Dealing with Deluges

Getting ready for a rainy day has become a top priority for many U.S. cities. Once considered a backwater issue, stormwater management has become an important matter to municipal officials as a result of the enactment in recent years of the National Pollutant Discharge Elimination System (NPDES) permitting program under the Clean Water Act that addresses stormwater discharges.

Published in 1990, Phase I of the NPDES stormwater regulations pertains to operators of large and medium municipal separate storm sewer systems (MS4s). Under the Phase I rules, large MS4s that serve a population of 250,000 or more or medium MS4s that serve a population of 100,000 or more, but less than 250,000, are required to obtain NPDES permits and manage their stormwater discharges. In 1999, Phase II regulations were enacted that require certain regulated small MS4s, which serve populations of less than 100,000, and construction sites that disturb 1 to 5 acres, to obtain stormwater management permits.
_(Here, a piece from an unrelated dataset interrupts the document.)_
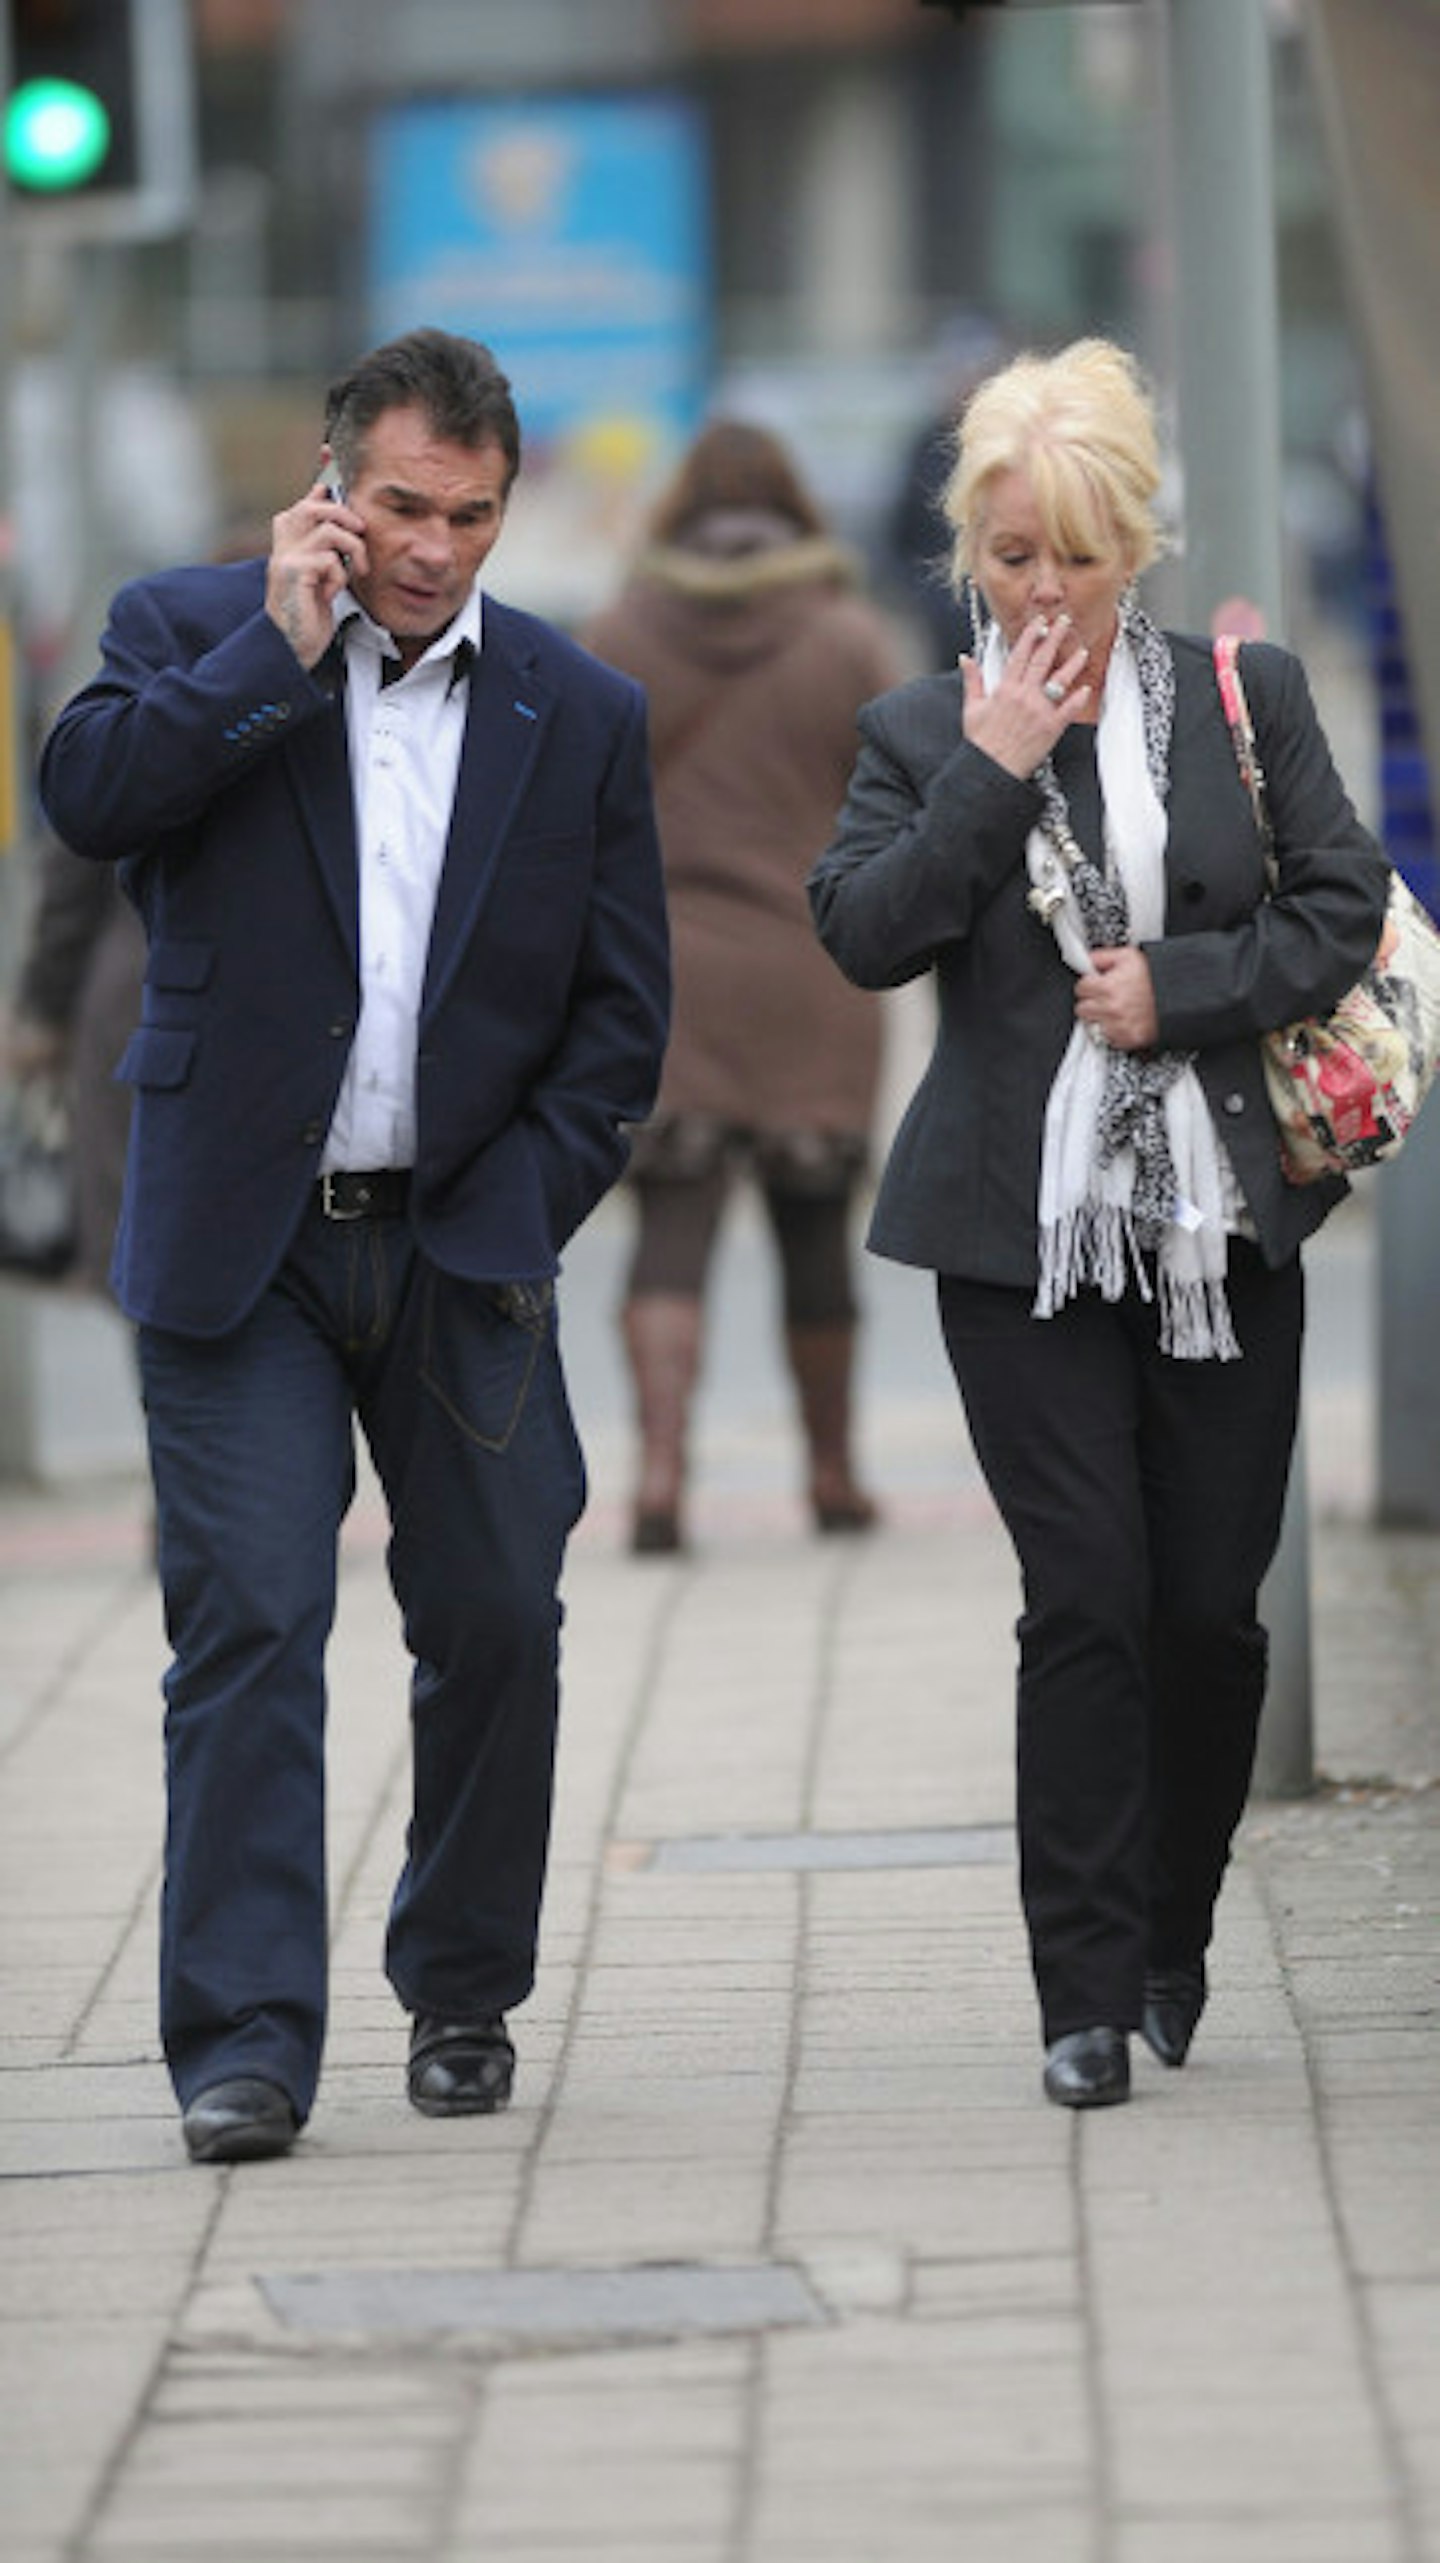 Paddy Doherty with his wife Roseanne

For more information on the U.S. Environmental Protection Agency's (EPA) NPDES regulations, go to www.epa.gov/npdes/stormwater.

Stormwater discharges are generated by runoff from land and impenetrable areas, such as paved streets, parking lots, and building rooftops, during rainfall and snow events. Under the NPDES program, most stormwater events are considered point sources and therefore require coverage by an NPDES permit. Stormwater events have two main components that municipalities have to address: the increased volume and rate of runoff from impervious surfaces and the concentration of pollutants in the runoff. According to EPA officials, both components are directly related to development in urban areas. Together, these components cause changes in hydrology and water quality that result in a variety problems, including habitat modification and loss, increased flooding, decreased aquatic biological diversity, and increased sedimentation and erosion.

Typically, cities have several main goals related to stormwater management: reducing pollutant loads, maintaining groundwater recharge and quality, protecting stream channels, and safely conveying extreme floods. As well, effective stormwater management offers a multitude of other possible benefits, including protection of wetlands and aquatic ecosystems, improved quality of receiving water bodies, conservation of water resources, and protection of public health

One of EPA's new priorities related to stormwater management is encouraging municipalities to promote low impact development (LID), a new comprehensive land-planning and engineering-design approach created to maintain and enhance the pre-development hydrologic state of urban and developing watersheds. EPA's position is that, through LID approaches, stormwater runoff can be controlled while development objectives are achieved. An important aspect of a municipal LID program is public outreach. When successfully implemented, LID education and awareness programs can establish a marketing tool that allows developers to attract environmentally conscious buyers, create more landscaped areas, educate property owners on effective pollution prevention measures, and inform commercial property owners of potential cost savings from using LID approaches. Additional information about EPA's LID policies can be found at http://cfpub2.epa.gov/npdes/stormwater/menuofbmps/edu_7.cfm.

Several organizations are also working to promote LID principals. For example, the Low Impact Development Center ( www.lowimpactdevelopment.org) is a nonprofit organization dedicated to the advancement of LID techniques. The group provides research, training, planning, sustainable infrastructure design, municipal ordinance development, prototype design, and monitoring.

Another pro-LID group that is concerned about the negative environmental impacts of runaway development in the United States is Smart Growth America ( www.smartgrowthamerica.com). It is a coalition of national, state, and local organizations working to improve the way we Americans plan and build our towns, cities, and metro areas. According to Smart Growth America, abundant research suggests that when impervious surfaces cover more than 10 percent of a watershed, the water bodies they surround become degraded. The group further points out that if current urban growth trends continue, many healthy watersheds will develop serious problems over the next 25 years and our country will experience sharp and irreversible declines in the health of our coastal areas.

Increasingly, the road to ecological hell is paved not with good intentions, but with asphalt. Urban sprawl is starting to have a devastating impact on our environment and the expansion of nonporous pavement and parking lots is a big part of the problem. Our cities need to take aggressive action now to promote LID both for future growth and for redevelopment projects. If strongly promoted by both our public and private sectors, LID policies can have a high impact on the long-term protection of our nation's watersheds.